Certainly, this is a situation that warrants an upsurge in support from the Church for whom the affected form a huge percentage of their congregations.

Because of the graveness of the Ebola scourge, the Government of Sierra Leone advisedly, ordered a lock down in parts of the country during the Yuletide as part of efforts to check the spread of the incurable disease.

Incredibly, a section of leaders of the church in Sierra Leone saw things differently. There was a massive outrage from them. They complained that their rights to freedom of worship had been curtailed as they and their followers could not gain access to their worship places to conduct business as usual, because of the lockdown.

Apparently blinded by their earnest desire for offerings, tithes special thanksgiving taking they failed to see the wisdom in the government decision, namely to avoid bodily contact and preserve human life.

What God is looking for is the transformation of our hearts towards giving thought to and offering humanitarian service not mere acts of worship and ritual observances that last us whole nights, shouting ourselves hoarse and commanding familiar and unfamiliar spirits to die or asking witches and wizards to catch fire.

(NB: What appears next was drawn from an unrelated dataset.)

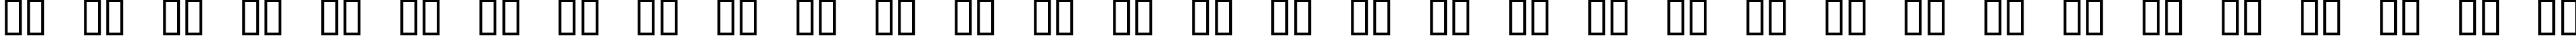 Пример написания русского алфавита шрифтом Fanfold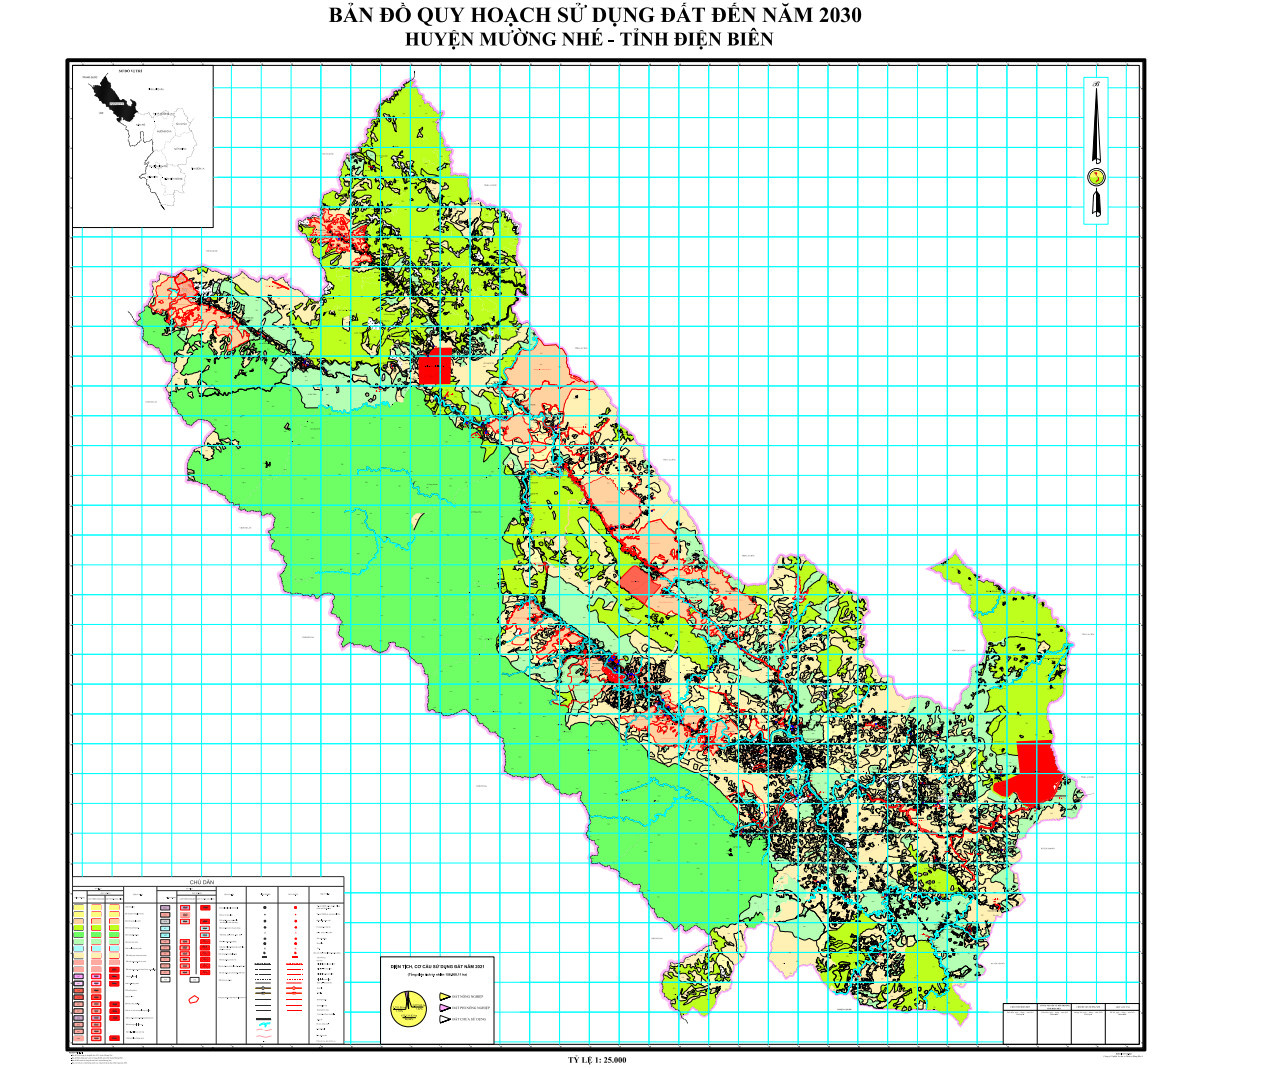 Bản đồ quy hoạch huyện Mường Nhé

The church and Christians the world over should be reminded to pay greater attention to the humanitarian needs of orphans, widows, the poor, the abandoned, the sick and the diseased without being prompted. Not too long ago and in the heat of the outbreak of the Ebola virus, Prophet T.B. Joshua, the head of the Church of all Nations popularly called Synagogue was widely reported to have claimed that he had discovered a cure for the disease in the form of special holy water.

The expectation of the general public was that, as a real Man of God he would arrange to get the healing water to Liberia, Guinea and Sierra Leone, purely on humanitarian grounds, to help reduce the number of deaths from the Ebola virus which was put at hundreds per day at that time.

Up till now nothing has been heard of the claim Offering humanitarian service is a Christian commitment which goes to the heart of right religious practice as contained in James 1:27: “Pure and undefiled religion before God and the Father is this: to visit the orphans and widows in their trouble and to keep oneself unspotted from the world”. Practicalisation of Christianity as opposed to commercialisation of Christianity should be the norm.

The World Health Organization WHO has said the figures of 8,500 people having died of Ebola and 20,000 infected so far are grossly underestimated; that what obtains of humanitarian aid is just a fraction of what is required.

The Church should follow the teachings of Christ and use wealth for the glory of the church.

The Pope has set the pace with a whopping 3 million Euros. The second generation churches in Ghana namely the Pentecostal, the Gospel and the Spiritual Churches coming under umbrella bodies like the Christian Council of Ghana will do well to follow suit, not by seizing the opportunity of the Ebola outbreak to squeeze every pesewa out of their congregation, but by mopping up money already starched in their coffers and make a handsome contribution to the UN Ebola Centre in Monrovia etc.

That singular act will not only push back but also clear up decades of misconception, mistrust and suspicion in the minds of the general public about the operations of the second generation churches.